“Defeat Liz Cheney in this upcoming election, and Wyoming will bring Washington to its knees,” he told a group of hundreds of spectators, many of whom did not wear masks. “How can you call yourself a representative when you don’t represent the will of the people? That’s what all the neocons ask about the Arab dictators. I figure maybe we ought to ask the same question of a beltway bureaucrat turned fake cow girl that supported an impeachment that is deeply unpopular in the state of Wyoming.”
Gaetz revealed his intention to campaign against Cheney after she and nine other House Republicans voted to impeach Trump for inciting an insurrection on the Capitol. The measure was the most bipartisan impeachment in U.S. history. But the move against a president who has become a rousing figure for his party sparked vitriol, with calls for Cheney’s ouster from her leadership position among the caucus’ right flank.
But talk of impeachment made only a glancing appearance in Gaetz’s rally Thursday. The congressman mostly opted to portray Cheney as in cahoots with Senate Minority Leader Mitch McConnell and Democrats like President Joe Biden and House Speaker Nancy Pelosi to sustain a status quo that works for Washington at the expense of main street America.
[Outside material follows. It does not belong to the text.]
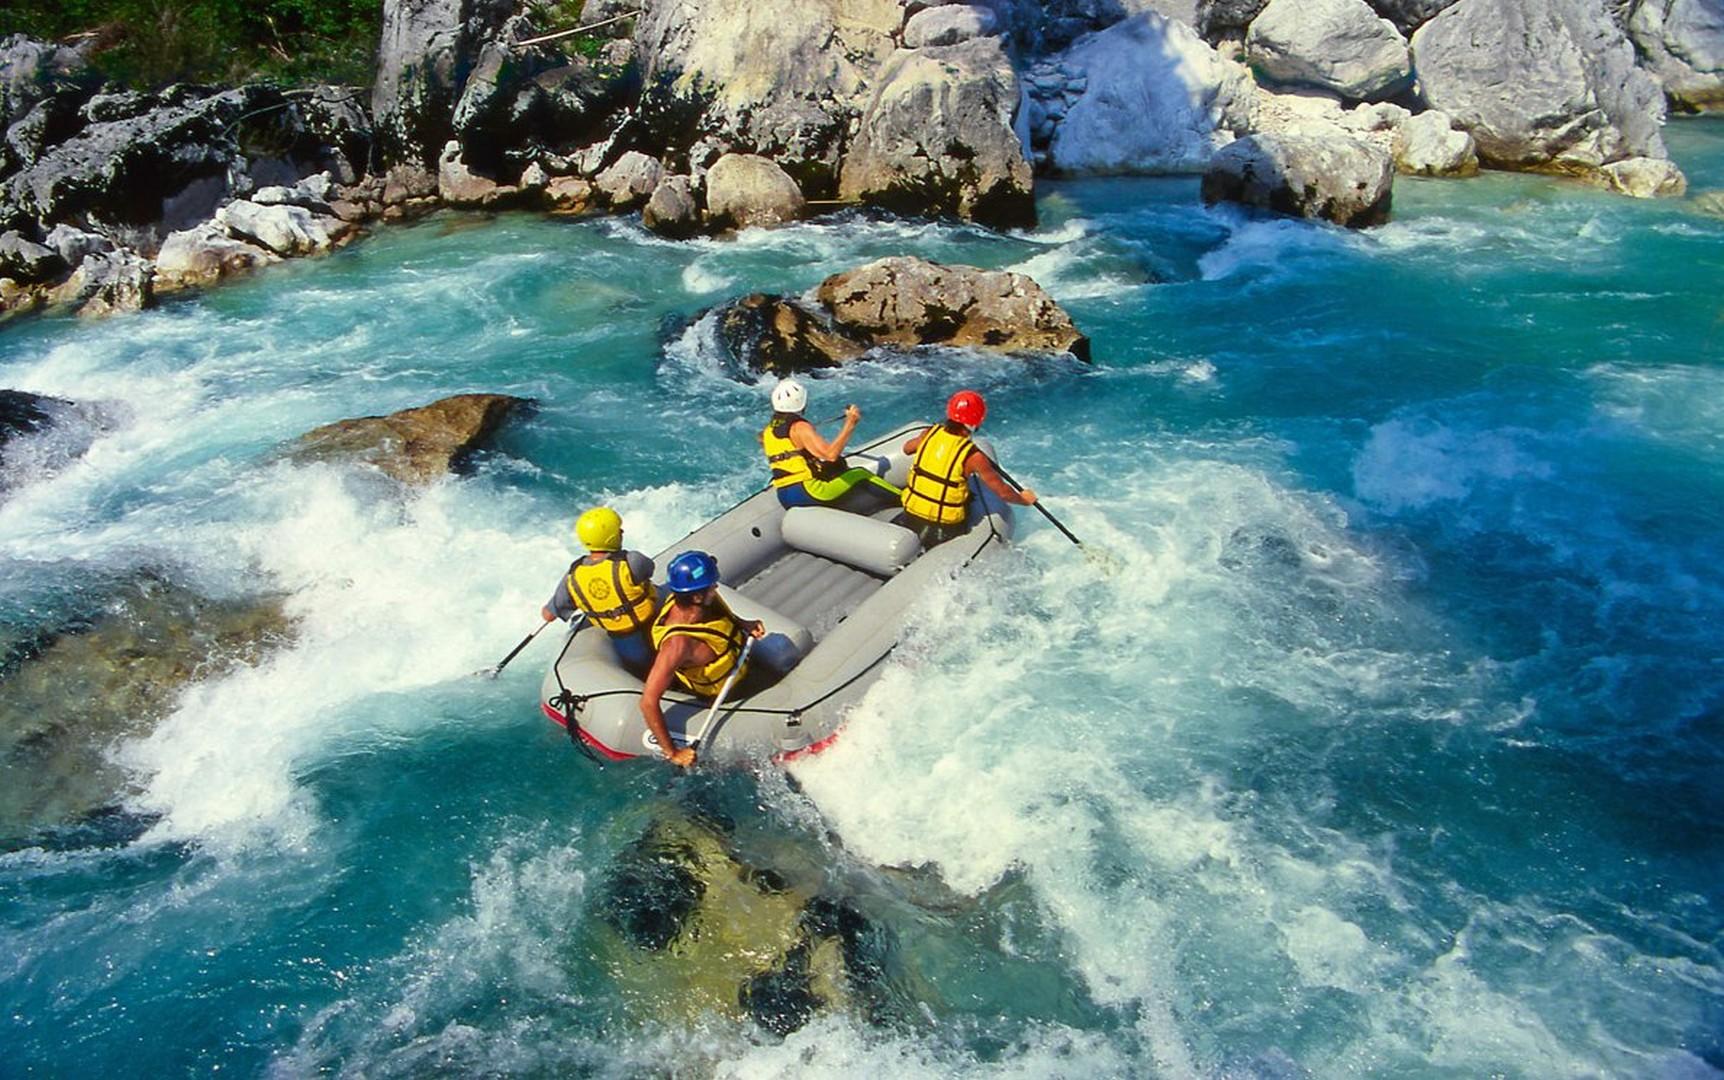 White Water Rafting Wallpaper 25   1724 X 1080 stmednet 1724x1080

He accused Cheney of being out of touch with the cowboy values of her home state of Wyoming, calling himself a supporter of “prairie populism.”
“The truth is that the establishment in both political parties have teamed up to screw our fellow Americans for generations,” Gaetz said. “The private insider club of Joe Biden, Mitch McConnell, Mitt Romney, Nancy Pelosi and Liz Cheney, they want to return our government to its default setting: enriching them.”
The claim that Cheney and her Democratic counterparts are batting for the same team came in contrast with the congresswoman’s simultaneous introduction Thursday of legislation challenging Biden’s recent executive order on energy production.
Gaetz also attacked Cheney for the role her father, former Vice President Dick Cheney, played in the wars in Iraq and Afghanistan. He disparagingly called Liz Cheney a “neocon,” saying she advocated unnecessary wars in the Middle East.
“The neocons say we got to fight them abroad so we don’t have to fight them at home,” Gaetz said. “I was going to say that maybe we ought to fight the neocons at home so we don’t have to fight them in Washington, D.C. But that’s problem, isn’t it, because the neocons are home at Washington, D.C.”
“The real cowboys, I guess, fought the Indians so they could use the land, but what are America’s soldiers even fighting for that Liz Cheney sends around the world?” he added. “Places that most Americans couldn’t even point to on a map.”
Much of the event followed Trump’s rally playbook, with talking points mirroring the former president’s bombastic public comments. Trump frequently expressed his contempt for Cheney while he was president, telling his supporters shortly before they stormed the Capitol on Jan. 6: “We’ve got to get rid of the weak congresspeople, the ones that aren’t any good, the Liz Cheneys of the world.”
At one point, Gaetz even echoed Trump’s disdain for developing countries in a dig at Congress, saying: “A nation that sends its best to fight in the worst nations in the world should not send its worst to be its representatives in the United States Congress.”
Cheney’s team has largely brushed off Gaetz’ attacks, with one member of her office telling CNN this week: “Rep. Gaetz can leave his beauty bag at home. In Wyoming, the men don’t wear make-up.” (The dig is an apparent reference to Gaetz’s use of makeup in an HBO documentary about his time in office).
In a statement to POLITICO, former Wyoming State Rep. Amy Edmonds put it equally bluntly Thursday: “Wyoming doesn’t like it when outsiders come into our state and try to tell us what to do.”